Build a plain jar (not a shaded plugin) — the core loads it as a module, not a Bukkit plugin.


2. module.yml

Put this at the root of your jar:

name: MyModule
main: com.example.mymodule.MyModule
version: 1.0.0
Key Meaning
name Module name (used for its data folder)
main Fully-qualified class implementing SkyblockModule
version Your version string

3. The Main Class

Implement SkyblockModule and its three hooks:

package com.example.mymodule;

import net.cengiz1.skyblock.module.SkyblockModule;
import net.cengiz1.skyblock.module.ModuleContext;

public class MyModule implements SkyblockModule {

    private ModuleContext ctx;

    @Override
    public void onLoad(ModuleContext ctx) {
        this.ctx = ctx;
        // Grab what you need from the core:
        // ctx.getCorePlugin().getIslandManager(), getEconomy(), ...
        // Your own config.yml + data folder are available here too.
    }

    @Override
    public void onEnable() {
        // Register listeners / commands — auto-removed on disable.
        ctx.registerListener(new MyListener(ctx));
        ctx.registerCommand("mymodule", new MyCommand(ctx));
    }

    @Override
    public void onDisable() {
        // Stop tasks, flush data, etc.
    }
}

4. What ModuleContext Provides

Capability How
The core plugin & its managers ctx.getCorePlugin()getIslandManager(), getEconomy(), getRoleManager(), ...
Register a listener (auto-cleanup) ctx.registerListener(listener)
Register a command (auto-cleanup) ctx.registerCommand(name, executor)
Your own config.yml + data folder separate from the main plugin

Because you run in the core's classloader, you also share its database connection and proxy/Redis messaging — store and sync your data through the same pipes the core uses.

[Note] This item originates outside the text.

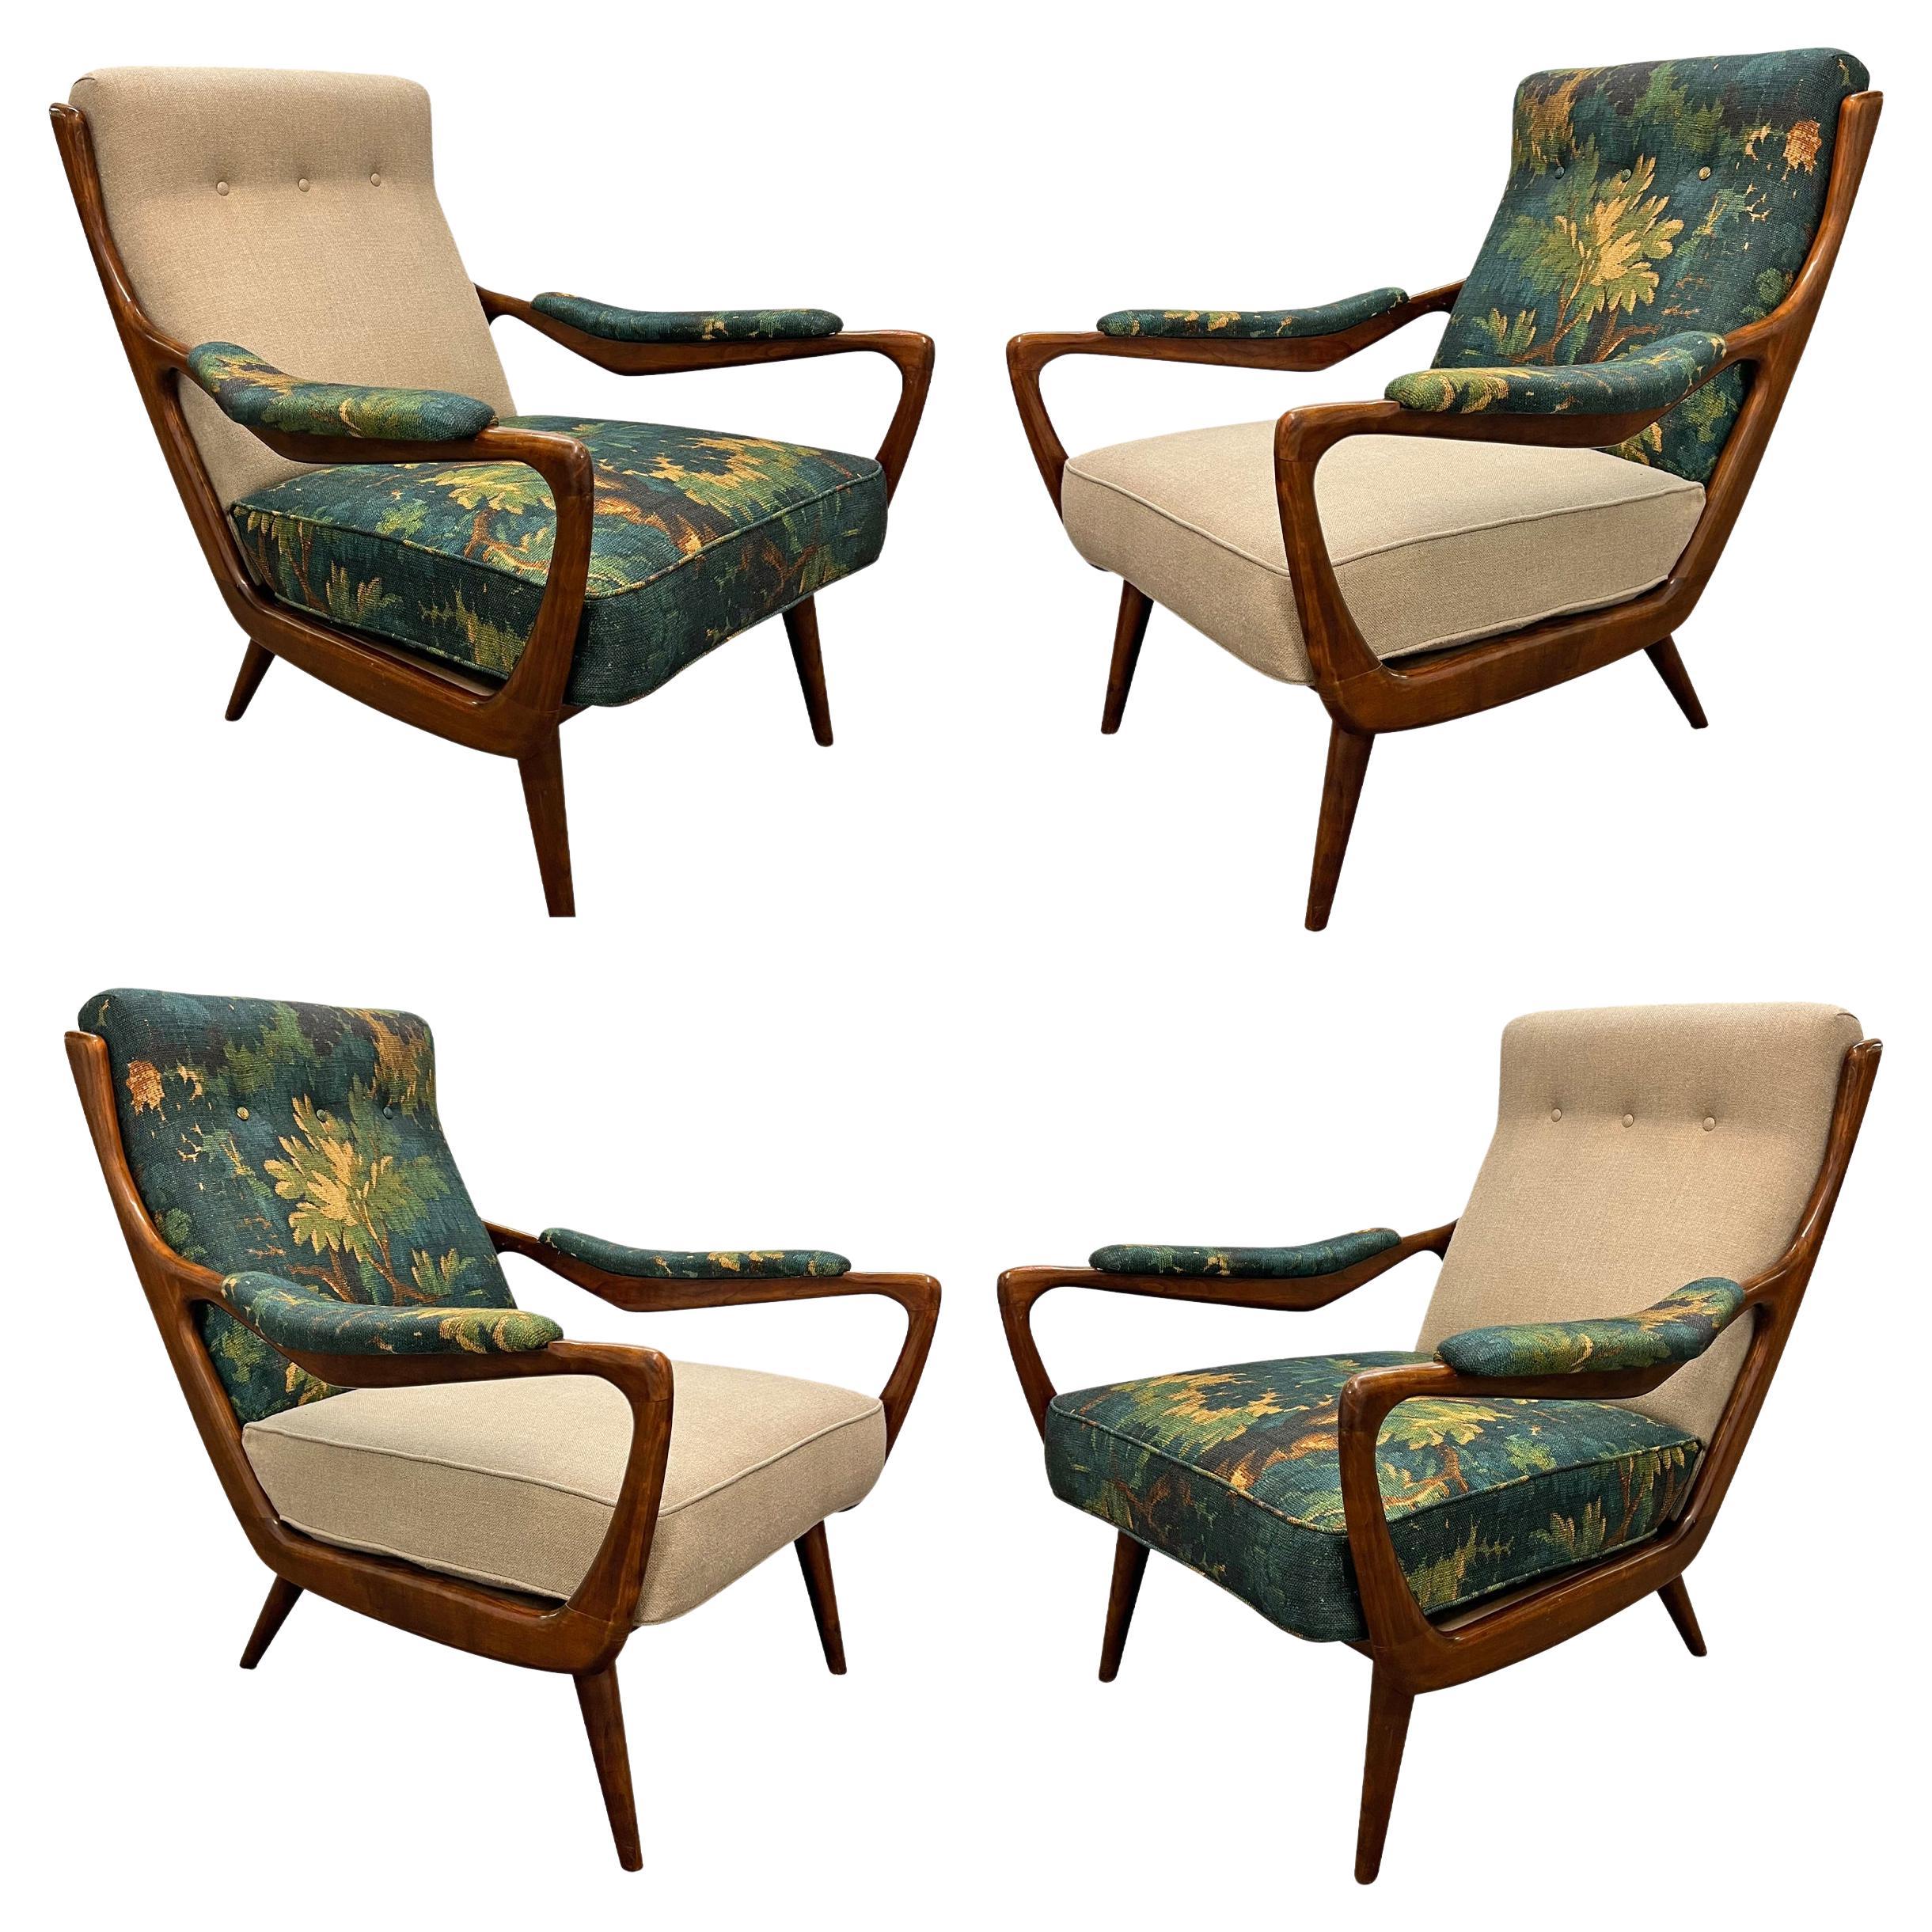 Ensemble de quatre chaises longues danoises modernes des années 1950

5. Persisting & Syncing Data

  • Use the shared SQLite/MySQL connection to add your own tables (Chunklock adds a chunklock_* table in the same database).
  • For cross-server sync, reuse the core's proxy classes (RedisMessenger, ProxyManager) on your own channel — the same approach Chunklock uses.

6. Deploy

Drop the jar into:

plugins/Skyblock/modules/MyModule-1.0.0.jar

Restart (or reload). The core loads your module after its own startup and unloads it cleanly on shutdown.


Reference Implementation

Chunklock is a full, real module built exactly this way — read its pages to see the pattern end to end.